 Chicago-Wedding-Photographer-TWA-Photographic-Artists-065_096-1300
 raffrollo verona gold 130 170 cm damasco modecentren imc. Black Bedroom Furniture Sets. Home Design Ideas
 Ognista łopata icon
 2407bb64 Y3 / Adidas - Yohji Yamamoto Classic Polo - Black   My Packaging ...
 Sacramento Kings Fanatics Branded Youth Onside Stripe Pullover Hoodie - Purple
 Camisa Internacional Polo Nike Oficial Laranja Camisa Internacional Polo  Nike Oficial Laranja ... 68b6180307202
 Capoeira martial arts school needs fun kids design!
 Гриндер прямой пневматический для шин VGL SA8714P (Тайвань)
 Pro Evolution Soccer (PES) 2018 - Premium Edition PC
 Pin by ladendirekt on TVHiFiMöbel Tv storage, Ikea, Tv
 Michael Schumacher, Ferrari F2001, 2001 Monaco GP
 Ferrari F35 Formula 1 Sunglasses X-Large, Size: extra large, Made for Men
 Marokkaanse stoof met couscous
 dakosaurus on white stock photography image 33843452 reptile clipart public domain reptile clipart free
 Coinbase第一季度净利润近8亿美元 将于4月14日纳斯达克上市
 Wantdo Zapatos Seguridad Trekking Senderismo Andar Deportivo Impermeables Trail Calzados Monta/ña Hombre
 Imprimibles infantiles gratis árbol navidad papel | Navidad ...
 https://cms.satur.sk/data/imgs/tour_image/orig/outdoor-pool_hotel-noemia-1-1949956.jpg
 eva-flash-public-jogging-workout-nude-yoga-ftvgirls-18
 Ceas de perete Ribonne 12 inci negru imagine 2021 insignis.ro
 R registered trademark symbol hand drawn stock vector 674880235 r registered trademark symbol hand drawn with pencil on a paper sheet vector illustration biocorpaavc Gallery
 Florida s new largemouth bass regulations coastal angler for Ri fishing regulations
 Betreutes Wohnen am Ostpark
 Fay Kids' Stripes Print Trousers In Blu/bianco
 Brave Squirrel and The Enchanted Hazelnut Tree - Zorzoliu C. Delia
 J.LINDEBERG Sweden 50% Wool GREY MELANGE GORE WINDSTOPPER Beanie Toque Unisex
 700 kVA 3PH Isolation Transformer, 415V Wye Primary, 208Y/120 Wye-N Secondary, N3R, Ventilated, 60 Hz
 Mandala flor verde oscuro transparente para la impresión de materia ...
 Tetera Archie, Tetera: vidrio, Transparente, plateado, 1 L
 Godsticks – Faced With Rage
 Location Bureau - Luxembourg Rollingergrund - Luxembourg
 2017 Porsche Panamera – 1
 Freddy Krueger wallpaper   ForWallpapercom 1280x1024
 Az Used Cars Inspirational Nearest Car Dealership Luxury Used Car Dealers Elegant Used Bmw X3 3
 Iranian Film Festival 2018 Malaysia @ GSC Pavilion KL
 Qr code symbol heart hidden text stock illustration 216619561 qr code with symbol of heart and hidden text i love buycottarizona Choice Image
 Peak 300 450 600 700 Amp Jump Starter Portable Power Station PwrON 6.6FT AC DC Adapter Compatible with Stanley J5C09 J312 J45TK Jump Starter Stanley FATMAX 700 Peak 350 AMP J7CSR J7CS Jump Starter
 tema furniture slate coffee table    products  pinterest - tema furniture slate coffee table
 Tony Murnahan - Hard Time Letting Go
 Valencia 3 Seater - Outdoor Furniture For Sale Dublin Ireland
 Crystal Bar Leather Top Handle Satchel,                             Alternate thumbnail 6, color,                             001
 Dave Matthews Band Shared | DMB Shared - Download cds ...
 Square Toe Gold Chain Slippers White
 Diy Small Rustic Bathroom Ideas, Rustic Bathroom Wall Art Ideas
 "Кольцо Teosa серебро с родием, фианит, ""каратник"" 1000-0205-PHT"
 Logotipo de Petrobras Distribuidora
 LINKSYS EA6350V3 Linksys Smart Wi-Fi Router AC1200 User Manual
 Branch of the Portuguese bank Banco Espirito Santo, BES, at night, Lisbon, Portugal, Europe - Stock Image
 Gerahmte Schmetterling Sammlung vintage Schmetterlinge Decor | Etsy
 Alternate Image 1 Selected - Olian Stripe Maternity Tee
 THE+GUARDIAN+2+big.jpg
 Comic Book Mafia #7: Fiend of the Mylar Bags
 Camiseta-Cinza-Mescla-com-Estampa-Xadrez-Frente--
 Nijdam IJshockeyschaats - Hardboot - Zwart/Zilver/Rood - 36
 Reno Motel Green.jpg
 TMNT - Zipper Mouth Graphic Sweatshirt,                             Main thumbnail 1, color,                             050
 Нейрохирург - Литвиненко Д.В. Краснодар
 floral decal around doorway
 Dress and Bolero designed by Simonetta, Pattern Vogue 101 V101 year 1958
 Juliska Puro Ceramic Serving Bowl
+++
◆ Required work
The output should be exactly the lines above from the line containing "Florida s new" to the line containing "Valencia 3 Seater", inclusive, with no other lines.

◆ Exercise solution
 Florida s new largemouth bass regulations coastal angler for Ri fishing regulations
 Betreutes Wohnen am Ostpark
 Fay Kids' Stripes Print Trousers In Blu/bianco
 Brave Squirrel and The Enchanted Hazelnut Tree - Zorzoliu C. Delia
 J.LINDEBERG Sweden 50% Wool GREY MELANGE GORE WINDSTOPPER Beanie Toque Unisex
 700 kVA 3PH Isolation Transformer, 415V Wye Primary, 208Y/120 Wye-N Secondary, N3R, Ventilated, 60 Hz
 Mandala flor verde oscuro transparente para la impresión de materia ...
 Tetera Archie, Tetera: vidrio, Transparente, plateado, 1 L
 Godsticks – Faced With Rage
 Location Bureau - Luxembourg Rollingergrund - Luxembourg
 2017 Porsche Panamera – 1
 Freddy Krueger wallpaper   ForWallpapercom 1280x1024
 Az Used Cars Inspirational Nearest Car Dealership Luxury Used Car Dealers Elegant Used Bmw X3 3
 Iranian Film Festival 2018 Malaysia @ GSC Pavilion KL
 Qr code symbol heart hidden text stock illustration 216619561 qr code with symbol of heart and hidden text i love buycottarizona Choice Image
 Peak 300 450 600 700 Amp Jump Starter Portable Power Station PwrON 6.6FT AC DC Adapter Compatible with Stanley J5C09 J312 J45TK Jump Starter Stanley FATMAX 700 Peak 350 AMP J7CSR J7CS Jump Starter
 tema furniture slate coffee table    products  pinterest - tema furniture slate coffee table
 Tony Murnahan - Hard Time Letting Go
 Valencia 3 Seater - Outdoor Furniture For Sale Dublin Ireland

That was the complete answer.